For the ml4h GitHub repository, we are doing ‘merge and squash’ of pull requests. So that means your fork does not match upstream after your pull request has been merged. The easiest way to manage this is to always work in a feature branch, instead of checking changes into your fork’s master branch.
(1) Get the latest version of the upstream repo
git fetch upstream
Note: If you get an error saying that upstream is unknown, run the following remote add command and then re-run the fetch command. You only need to do this once per git clone.
git remote add upstream https://github.com/broadinstitute/ml4h.git
(2) Make sure your master branch is “even” with upstream.
git checkout master
git merge --ff-only upstream/master
git push
Now the master branch of your fork on GitHub should say "This branch is even with broadinstitute:master.".
(3) Create a feature branch for your change.
git checkout -b my-feature-branch-name
Because you created this feature branch from your master branch that was up to date with upstream (step 2), your feature branch is also up to date with upstream. Commit your changes to this branch until you are happy with them.
(4) Push your changes to GitHub and send a pull request.
git push --set-upstream origin my-feature-branch-name
After your pull request is merged, its safe to delete your branch!
I accidentally checked a new change to my master branch instead of a feature branch. How to fix this?
(1) Soft undo your change(s). This leaves the changes in the files on disk but undoes the commit.
git checkout master
# Moves pointer back to previous HEAD
git reset --soft HEAD@{1}
Or if you need to move back several commits to the most recent one in common with upstream, you can change ‘1’ to be however many commits back you need to go.
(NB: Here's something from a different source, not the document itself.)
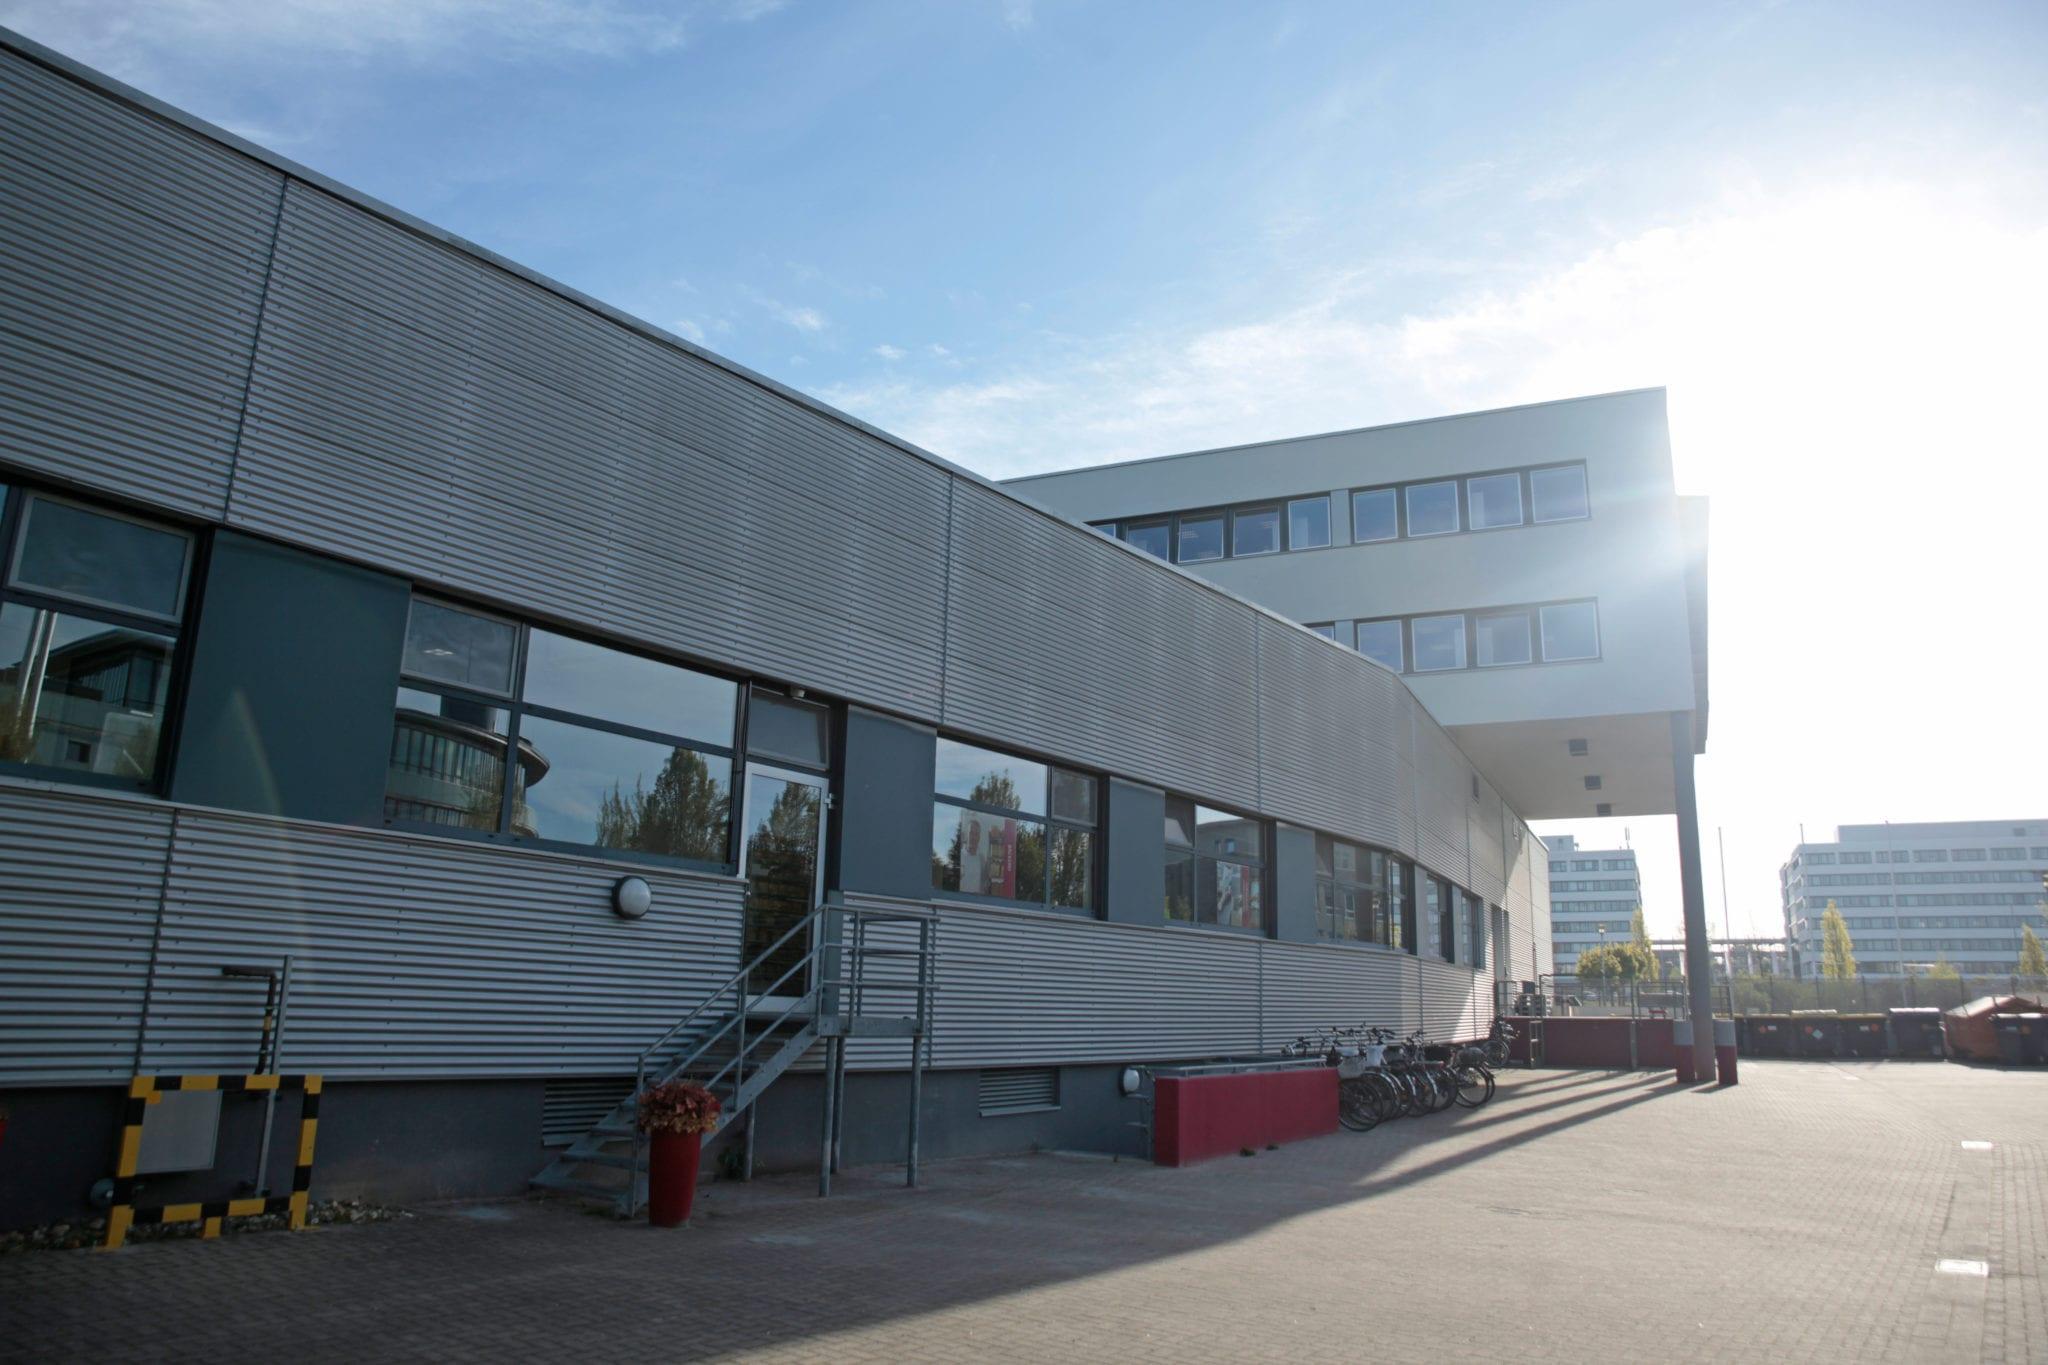 Das Gebäude des AlexProWerks von außen.

(2) “stash” your now-unchecked-in changes so that you can get them back later.
git stash
(3) Now do the How to work on a new feature step to bring master up to date and create your new feature branch that is “even” with upstream. Here are those commands again:
git fetch upstream
git merge --ff-only upstream/master
git checkout -b my-feature-branch-name
(4) “unstash” your changes.
git stash pop
Now you can proceed with your work!